Les quatre évangiles. Traduction de la Vetus Syra. Texte inédit du IIe siècle avec annotations, par METENIER É., Éditions des Béatitudes, 2024, 384 p., 29,90 €
 
La mise à disposition dans l’espace public (francophone) d’une source évangélique syriaque est un événement majeur en matière d’exégèse. Jusqu’à présent le texte-source n’était pas accessible sinon aux spécialistes. En français, il est disponible en réalité depuis la publication à Kaslik (Liban) de la thèse du P. Méténier, en 2019. Cet ouvrage (3 tomes) est néanmoins difficile à se procurer et malheureusement empreint d’un certain nombre d’erreurs d’impression. Il demeure cependant l’ouvrage de référence pour un travail universitaire.
 
Pour comprendre l’importance de cette édition, il faut avoir en mémoire que notre Nouveau Testament courant est globalement basé sur un texte grec « officiel » établi au cours du IVe siècle à partir de versions provenant essentiellement d’Alexandrie et en partie d’Antioche. Il est évident que les premières versions grecques sont des « targums » (traductions adaptées, ici à un public hellénophone) de l’enseignement de Jésus et des Apôtres donné initialement en araméen. Parallèlement, la version syriaque courante (Peschitta) se présente comme une traduction réalisée à partir du texte grec « officiel », ou au minimum comme une version araméenne ancienne fortement corrigée selon le grec « officiel ».
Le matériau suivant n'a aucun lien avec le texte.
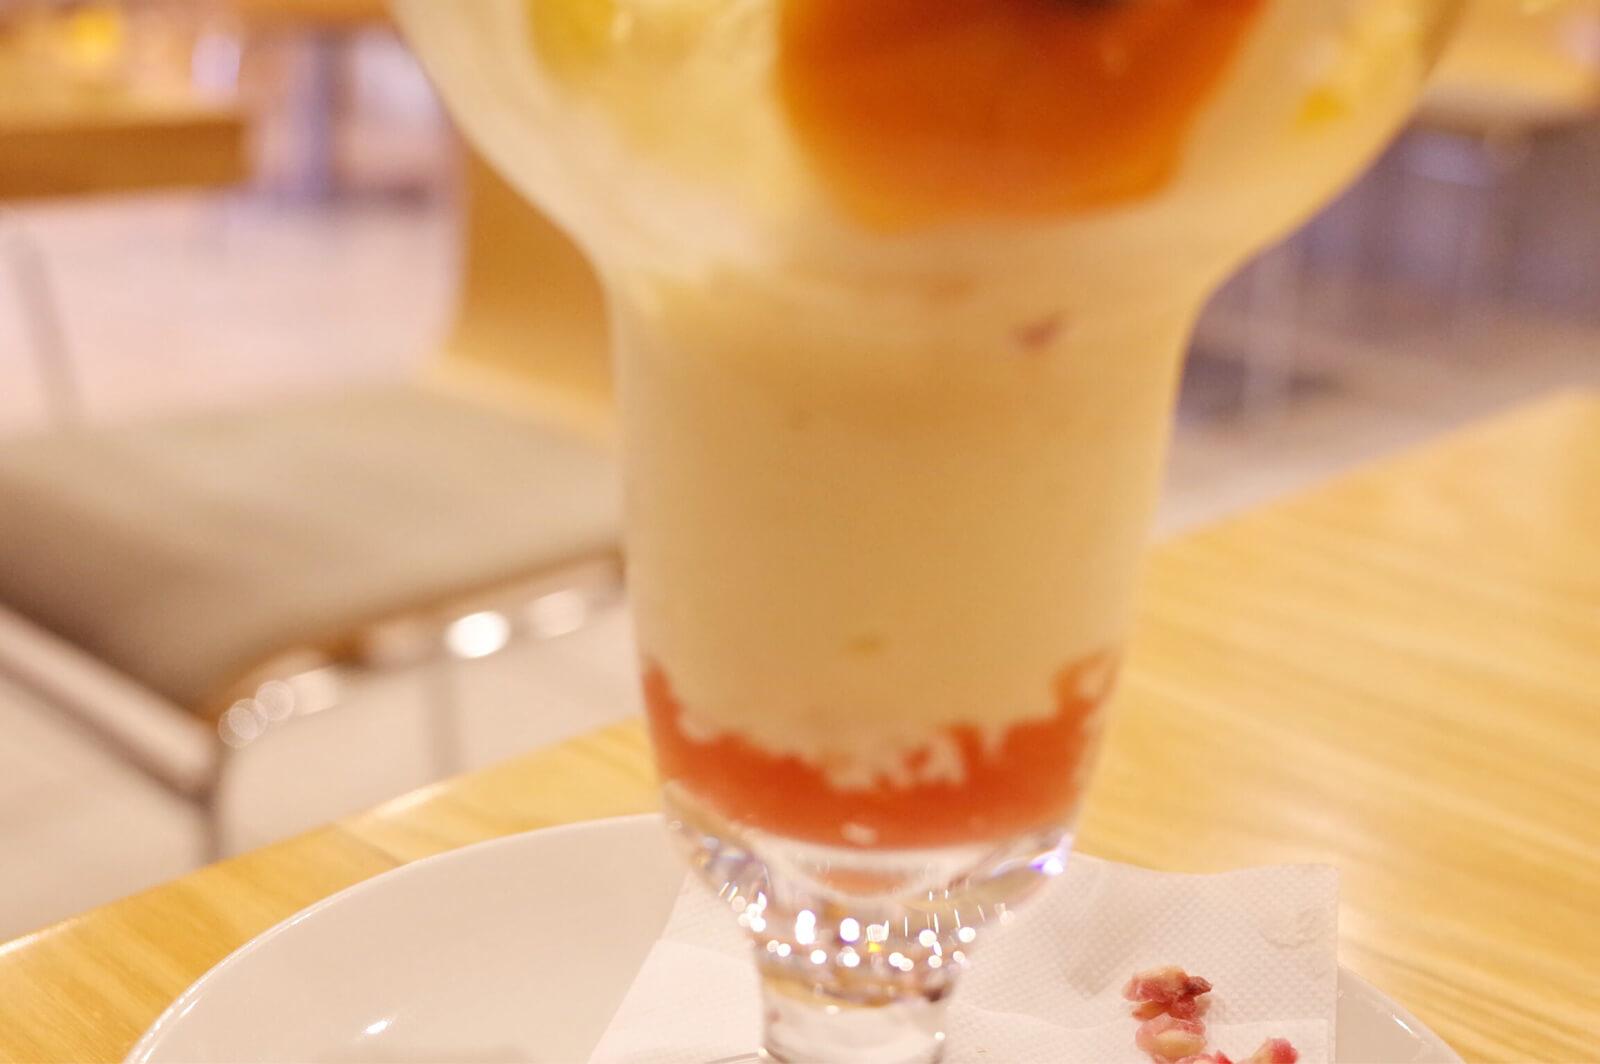 浅草 フルーツパーラーゴトー 本日のフルーツパフェ

Or le P. Méténier met aujourd’hui à la disposition du grand public un texte antérieur au texte grec « officiel », comme il existe d’autres textes semblables très anciens, tel celui du Codex de Bèze (texte grec et latin connu à Lyon au IIe siècle), dont la Vetus Syra partage certains caractères.
Le P. Méténier contraint ainsi les exégètes modernes – dont la caractéristique commune est d’affirmer comme originaire la rédaction du texte évangélique directement en grec – à tenir compte de l’antiquité de la Vetus Syra et par elle d’une possible antériorité de l’araméen/syriaque sur le grec. Et par conséquent de devoir abandonner ou du moins devoir remettre profondément en cause leur narratif.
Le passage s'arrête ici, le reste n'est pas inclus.